The sultan, after the reception the princess Badr-oul-boudour had
given him that day, was very anxious to know how she passed the
second night, and if she would give him the same reception, and
therefore went into her chamber as early as the morning before. The
grand vizier’s son, more ashamed and mortified with the ill success
of this last night, no sooner heard him coming, but he jumped out of
bed, and ran hastily into the wardrobe. The sultan went to the
princess’s bed-side, and after the caresses he had given her the
former morning, bid her good-morrow. “Well, daughter,” he said,
“are you in a better humour than you were yesterday morning?” Still
the princess was silent, and the sultan perceived her to be more
troubled, in greater confusion than before, and doubted not but that
something very extraordinary was the cause; but provoked that his
daughter should conceal it, he said to her in a rage, with his sabre in
his hand, “Daughter, tell me what is the matter, or I will cut off your
head immediately.”
The princess, more frightened at the menaces and tone of the
enraged sultan, than at the sight of the drawn sabre, at last broke
silence, and said, with tears in her eyes, “My dear father and sultan,
I ask your majesty’s pardon if I have offended you, and hope, that
out of your goodness and clemency you will have compassion on
me, when I have told you in what a miserable condition I have spent
this last night and the night before.”
After this preamble, which appeased and affected the sultan, she
told him what had happened to her in so moving a manner, that he,
who loved her tenderly, was most sensibly grieved. She added, “If
your majesty doubts the truth of this account, you may inform
yourself from my husband, who, I am persuaded, will tell you the
same thing.”
The sultan immediately felt all the extreme uneasiness so surprising
an adventure must have given the princess. “Daughter,” said he,
“you are very much to blame for not telling me this yesterday, since
it concerns me as much as yourself. I did not marry you with an
intention to make you miserable, but that you might enjoy all the
happiness you deserve and might hope for from a husband, who to
me seemed agreeable to you. Efface all these troublesome ideas out
of your memory; I will take care and give orders that you shall have
no more such disagreeable and insupportable nights.”
As soon as the sultan got back to his own apartment, he sent for the
grand vizier. “Vizier,” said he, “have you seen your son, and has he
not told you anything?” The vizier replied, “No.” Then the sultan
related all that the princess Badr-oul-boudour had told him, and
afterwards said, “I do not doubt but that my daughter has told me
the truth; but nevertheless I should be glad to have it confirmed by
your son; therefore go and ask him how it was.”
The grand vizier went immediately to his son, and communicated to
him what the sultan had told him, and enjoined him to conceal
nothing from him, but to tell him the whole truth. “I will disguise
nothing from you, father,” replied the son, “for indeed all that the
princess says is true; but what relates particularly to myself she
knows nothing of. After my marriage, I have passed two such nights
as are beyond imagination or expression; not to mention the fright I
was in, to feel my bed lifted up four times, and transported from one
place to another, without being able to guess how it was done. You
shall judge of the miserable condition I was in, to pass two whole
nights in nothing but my shirt, standing in a kind of privy, unable to
stir out of the place where I was put, or to make the least
movement, though I could not perceive any obstacle to prevent me.

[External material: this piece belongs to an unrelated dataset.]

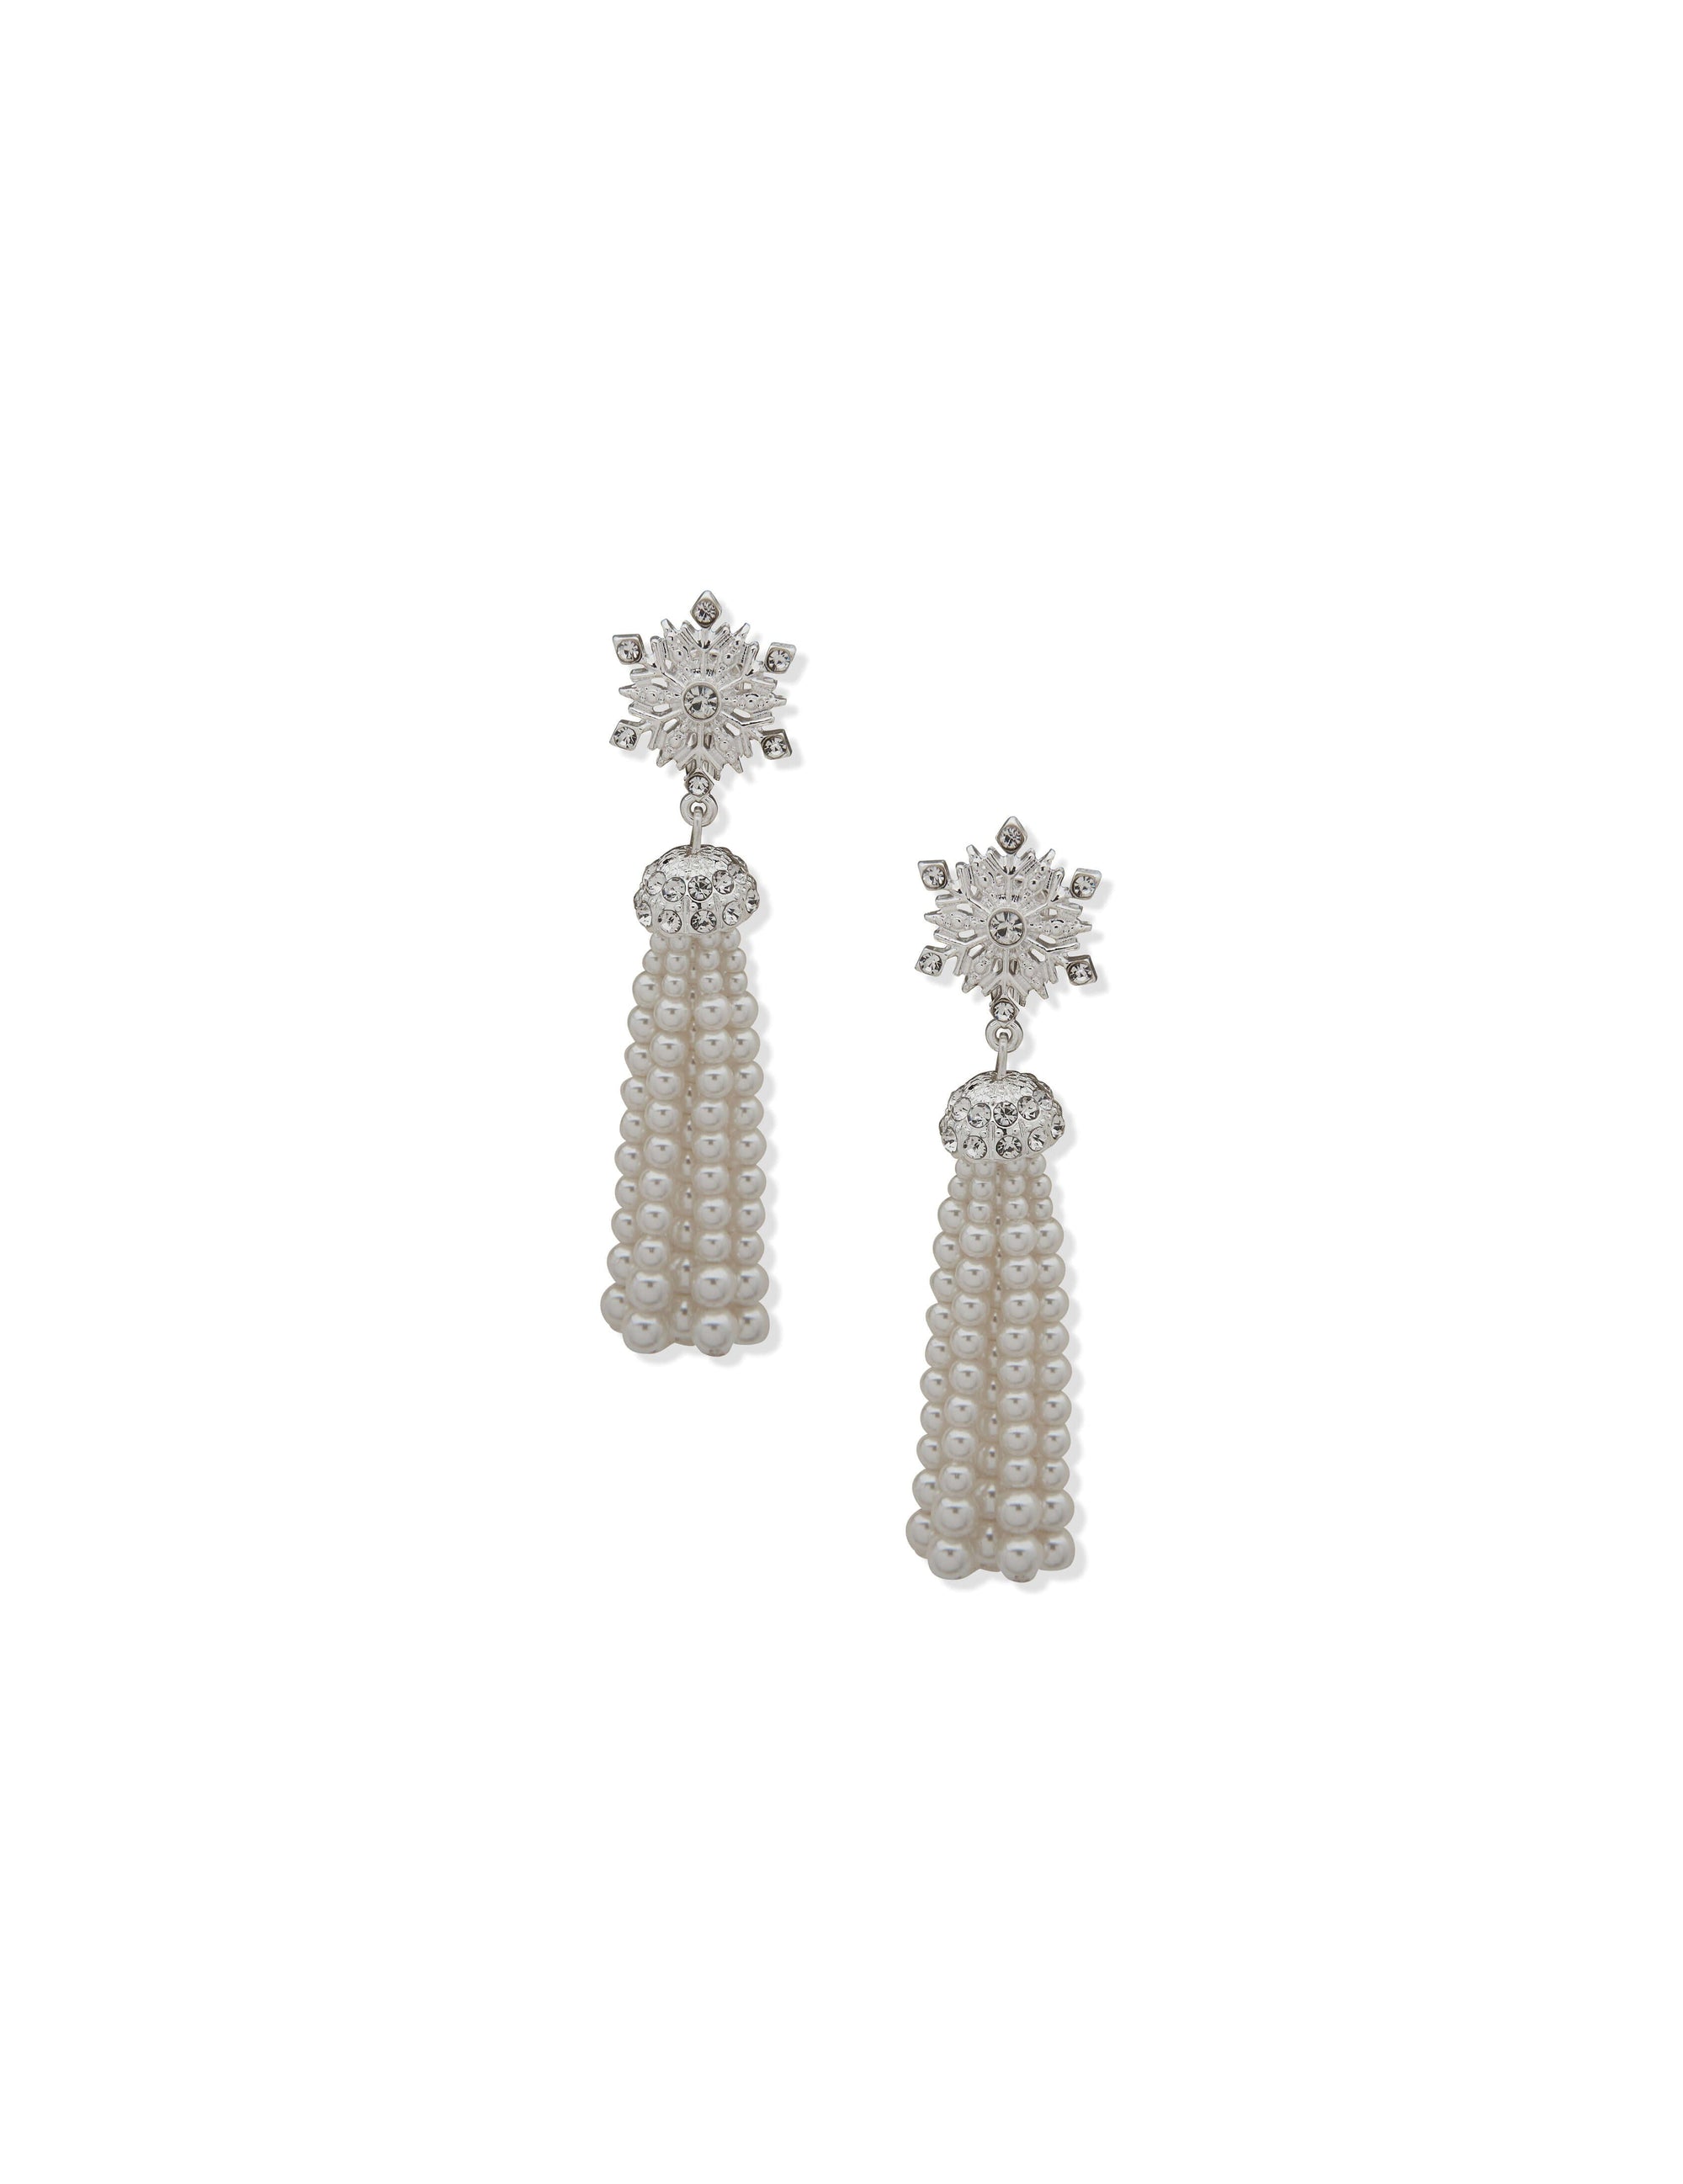 Anne Klein Silver Tone Snowflake Linear Pierced Earring with Faux Pearl Tassel
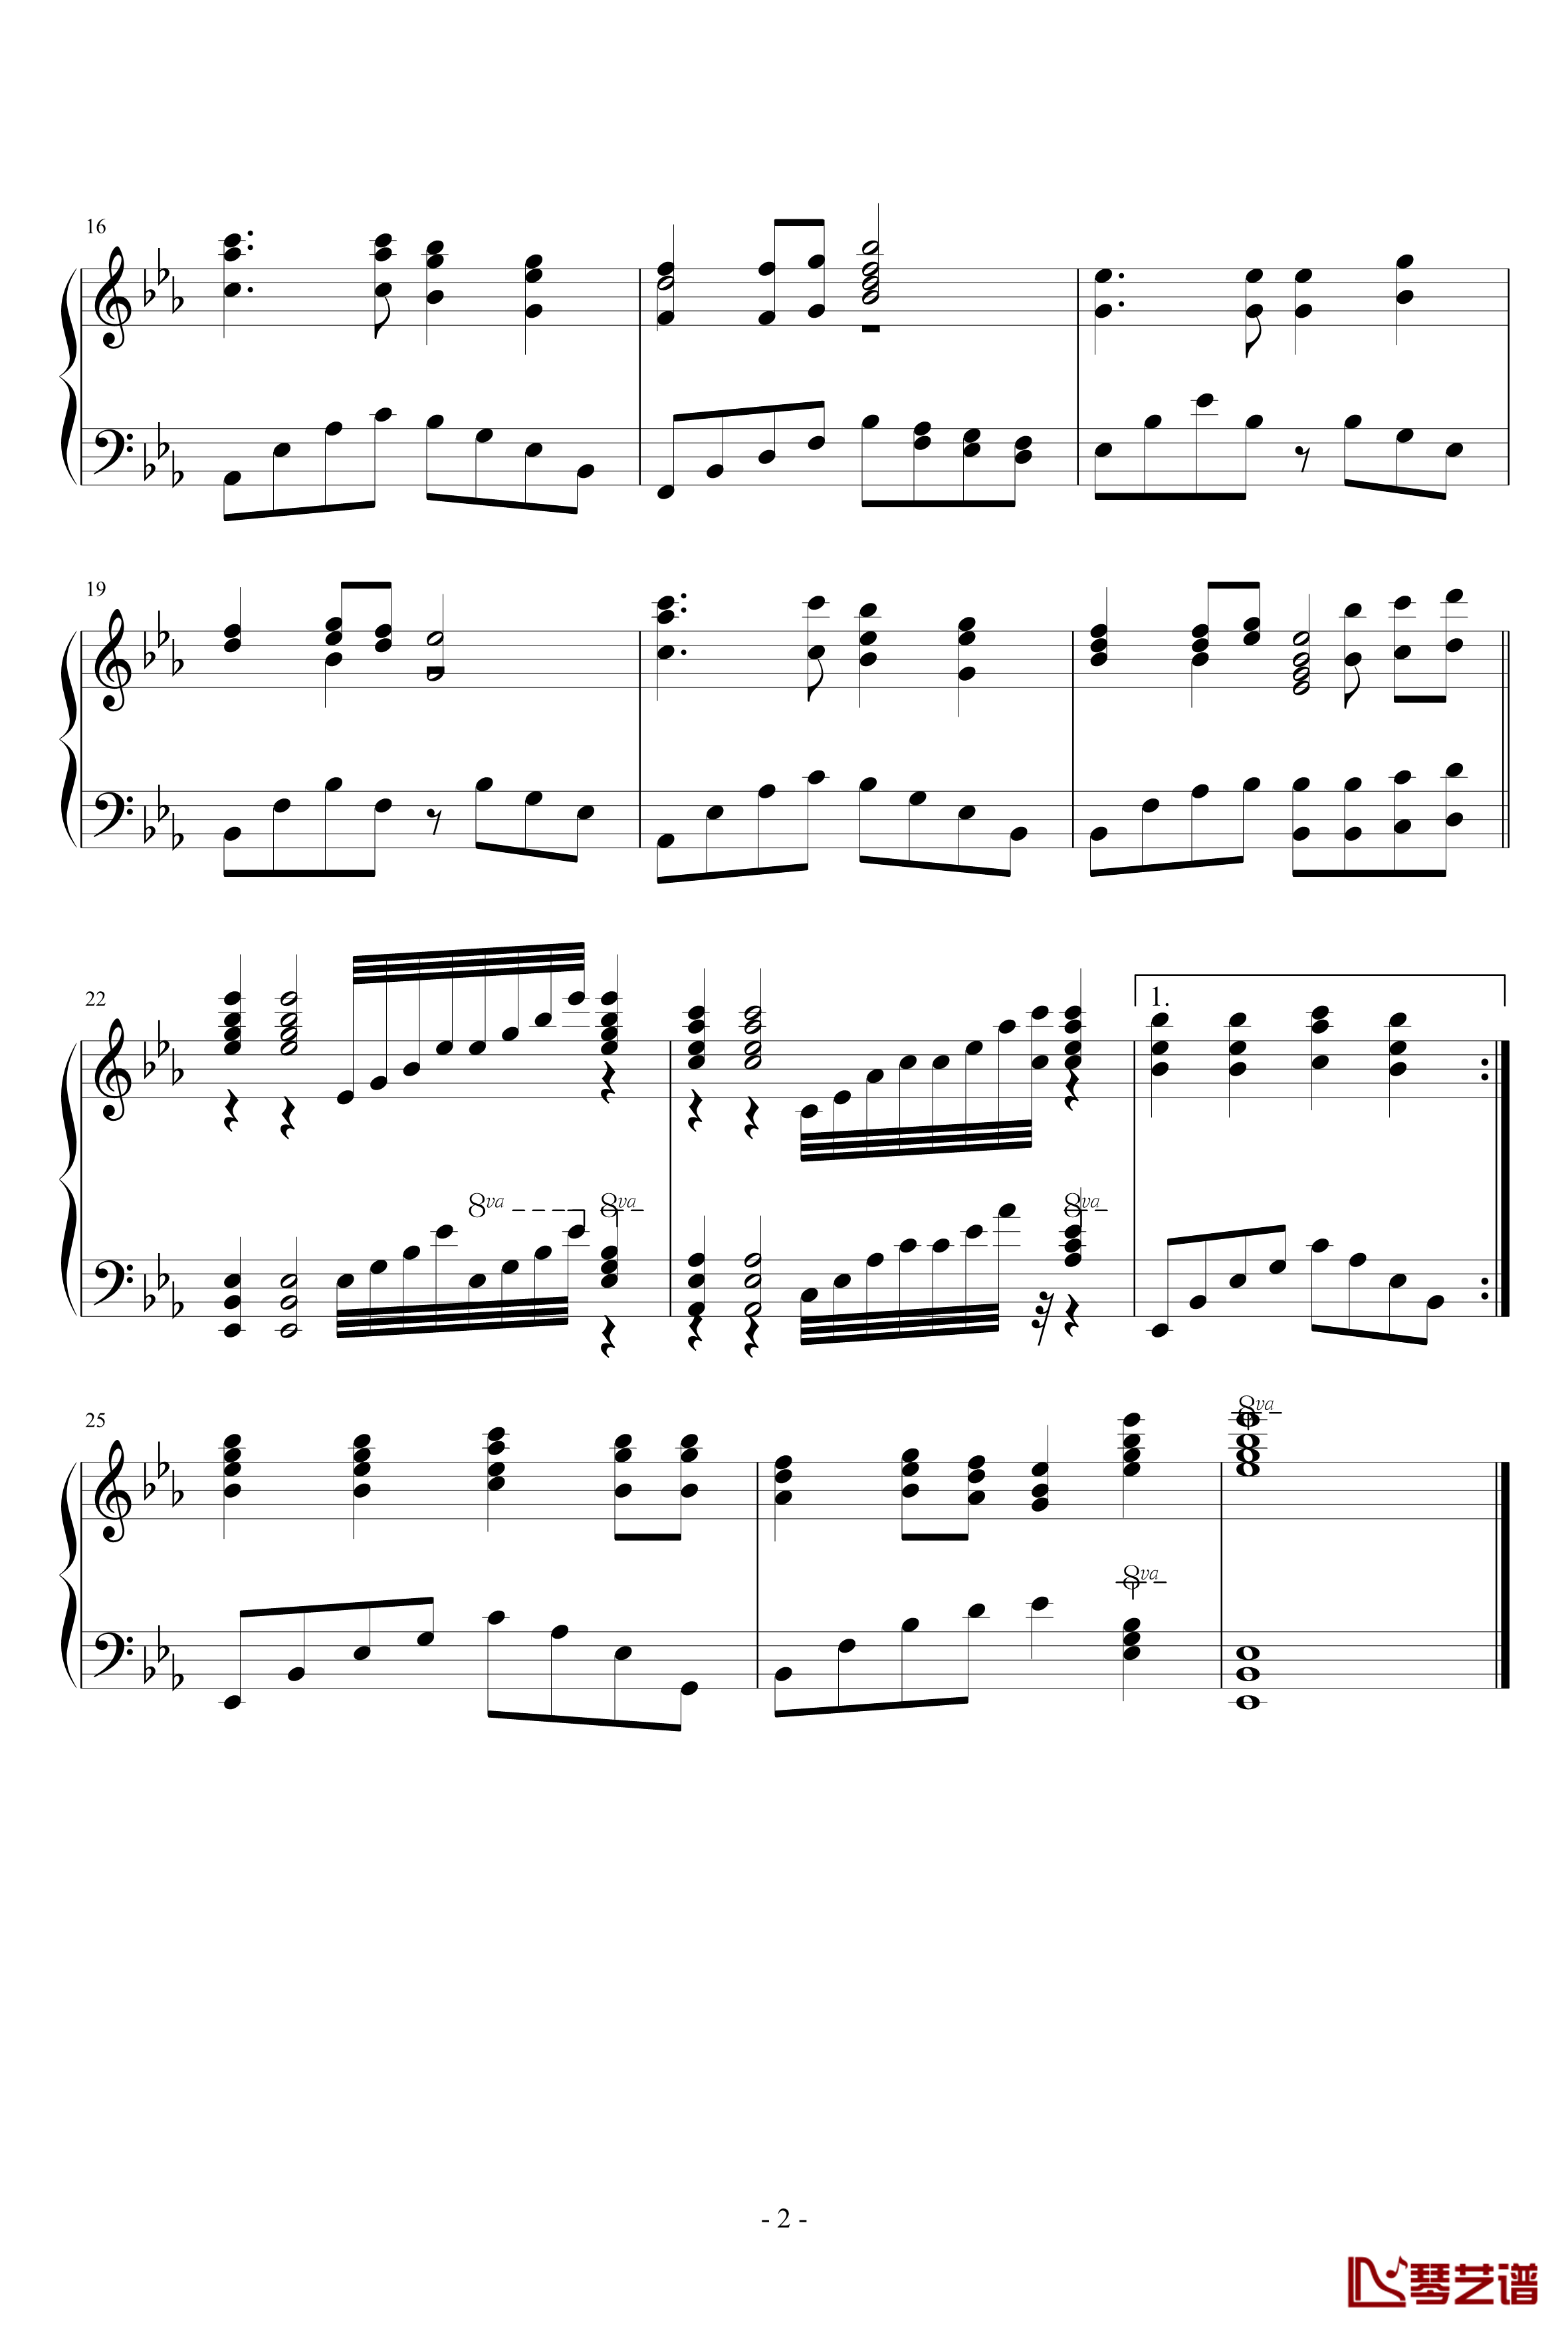 清华大学老校歌钢琴谱-降E调-PARROT1862

Yet I must tell you that all this ill-usage does not in the least lessen
those sentiments of love, respect and latitude I entertain for the
princess, and of which she is so deserving; but I must confess, that
notwithstanding all the honour and splendour that attends my
marrying my sovereign’s daughter I would much rather die, than live
longer in so great an alliance, if I must undergo what I have already
endured. I do not doubt but that the princess entertains the same
sentiments, and that she will readily agree to a separation, which is
so necessary both for her repose and mine. Therefore, father, I beg
you, by the same tenderness you had for me to procure me so great
an honour, to get the sultan’s consent that our marriage may be
declared null and void.”
Notwithstanding the grand vizier’s ambition to have his son allied to
the sultan, the firm resolution he saw he had formed to be
separated from the princess, made him not think it proper to
propose to him to have a little patience for a few days, to see if this
disappointment would not have an end; but left him to go and give
the sultan an account of what he had told him, assuring him that all
was but too true. Without waiting till the sultan himself, whom he
found pretty much disposed to it, spoke of breaking the marriage, he
begged of him to give his son leave to retire from the palace;
alleging for an excuse, that it was not just that the princess should
be a moment longer exposed to so terrible a persecution upon his
son’s account.
The grand vizier found no great difficulty to obtain what he asked.
From that instant the sultan, who had determined it already, gave
orders to put a stop to all rejoicings in the palace and town, and
sent expresses to all parts of his dominions to countermand his first
orders; and in a short time all rejoicings ceased.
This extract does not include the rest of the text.